Para o produto LIVRO há compra de 04 passagens aéreas com 02 ocorrências. O item 04 se refere à 04 pessoas: os 02 pesquisadores, 01 fotógrafo e 01 produtor. As 02 ocorrências se referem a ida e volta. Para o produto CURSO há compra de 07 passagens aéreas e 02 ocorrências. O item 07 se refere à 07 pessoas: 01 coordenador pedagógico, 03 oficineiros, 02 produtores, 01 fotógrafo. As 02 ocorrências se referem a ida e volta. Os demais profissionais envolvidos no projeto, ou trabalharão online durante a execução do projeto, ou serão contratados nas cidades contempladas.
Livro Saberes Manuais Número de páginas: 120 páginas de miolo Formato fechado: 16x23cm Capa: capa dura 4x4 cores (colorido) com folha de guarda 4x4 cores em offset 120g Miolo: papel couché fosco 150g hi-kote Asia Pulp & Paper, 4x4 cores (colorido) Acabamento: colado e costurado com laminação fosca Tiragem: 1.000 exemplares (500 por cidade) Projeto pedagógico das oficinas Saberes Manuais Duração da oficina: 24h/aula O projeto pedagógico será construído com a mulher selecionada na cidade, mas a oficina será dividida em momento teórico, onde será abordada a matéria-prima que será trabalhada, bem como sua extração e manipulação. A oficina contará com o momento prático, que é a manipulação dessa matéria-prima, tornando-a um objeto de uso ou consumo humano. Todos os momentos contarão com material didático, uma apostila com textos e ilustrações dos passos a serem seguidos pela artesã Projeto pedagógico da oficina de empreendedorismo criativo Duração da oficina: 6h/aula A oficina irá abordar dois aspectos. Sobre o empreendedorismo feminino serão abordados: características do comportamento empreendedor; mulheres empreendedoras e suas histórias; o empreendedorismo na mulher, perfil da empreendedora, levantamento de oportunidade para empreender, usando as redes sociais para empreender e elaboração de um plano de ação básico.

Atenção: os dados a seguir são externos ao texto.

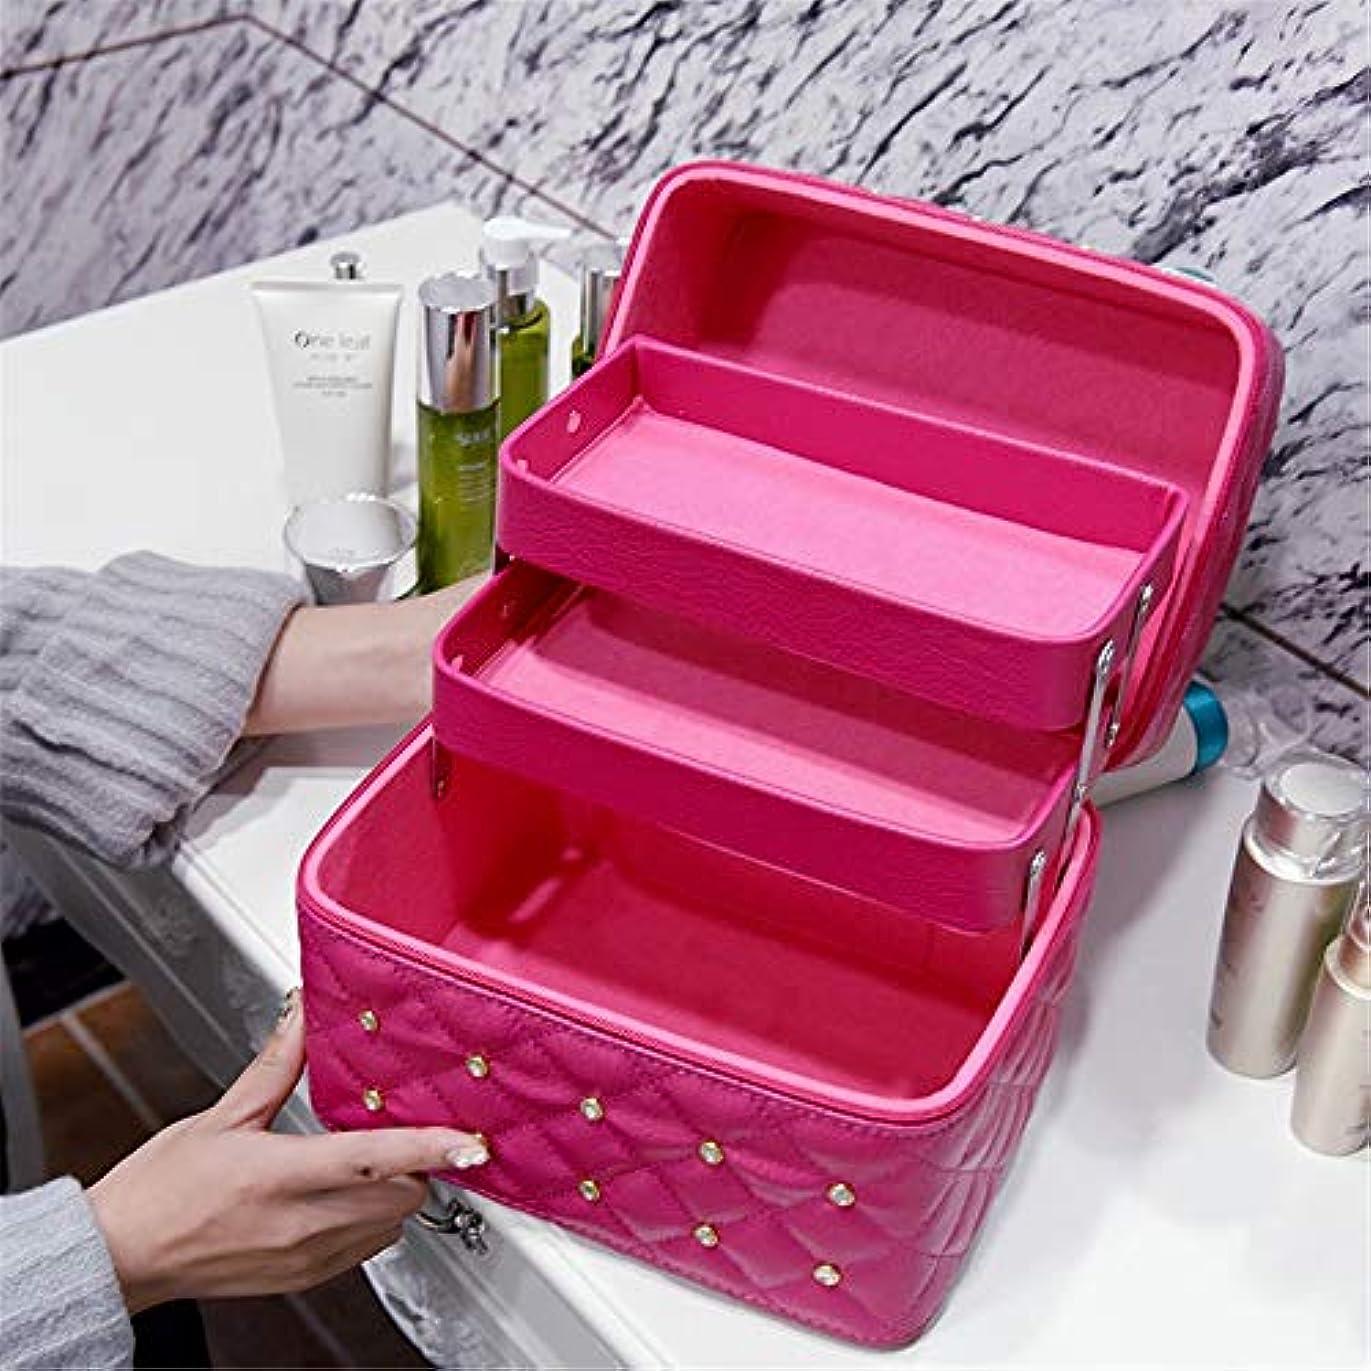 化粧オーガナイザーバッグ メイクアップトラベルバッグPUレター防水化粧ケースティーン女の子の女性のアーティストのための 化粧品ケース

Sobre educação financeira será discutido: o que é essencial e supérfluo nos gastos, qual a porta de saída das dívidas, mudanças de hábitos e planejamento financeiro. Sobre a oficina de combate à desinformação: Duração da oficina: 4h/aula Conteúdo programático: Trata-se de proposta para realização de workshop voltado a mulheres sobre características da desinformação e do discurso de ódio nas redes sociais digitais, apresentando ferramentas para prevenção e combate a campanhas de desinformação e ataques digitais, tais como técnicas de checagem e verificação de fatos (fact-checking), medidas de segurança digital e articulação de redes de apoio em plataformas de rede social. A oficina será composta de um módulo expositivo e dialogal, onde as participantes serão convidadas para uma roda de discussão sobre dores e necessidades em suas experiências com desinformação e discurso de ódio nas redes digitais; e um módulo prático, onde as participantes irão aprender sobre verificação e medidas de segurança digital.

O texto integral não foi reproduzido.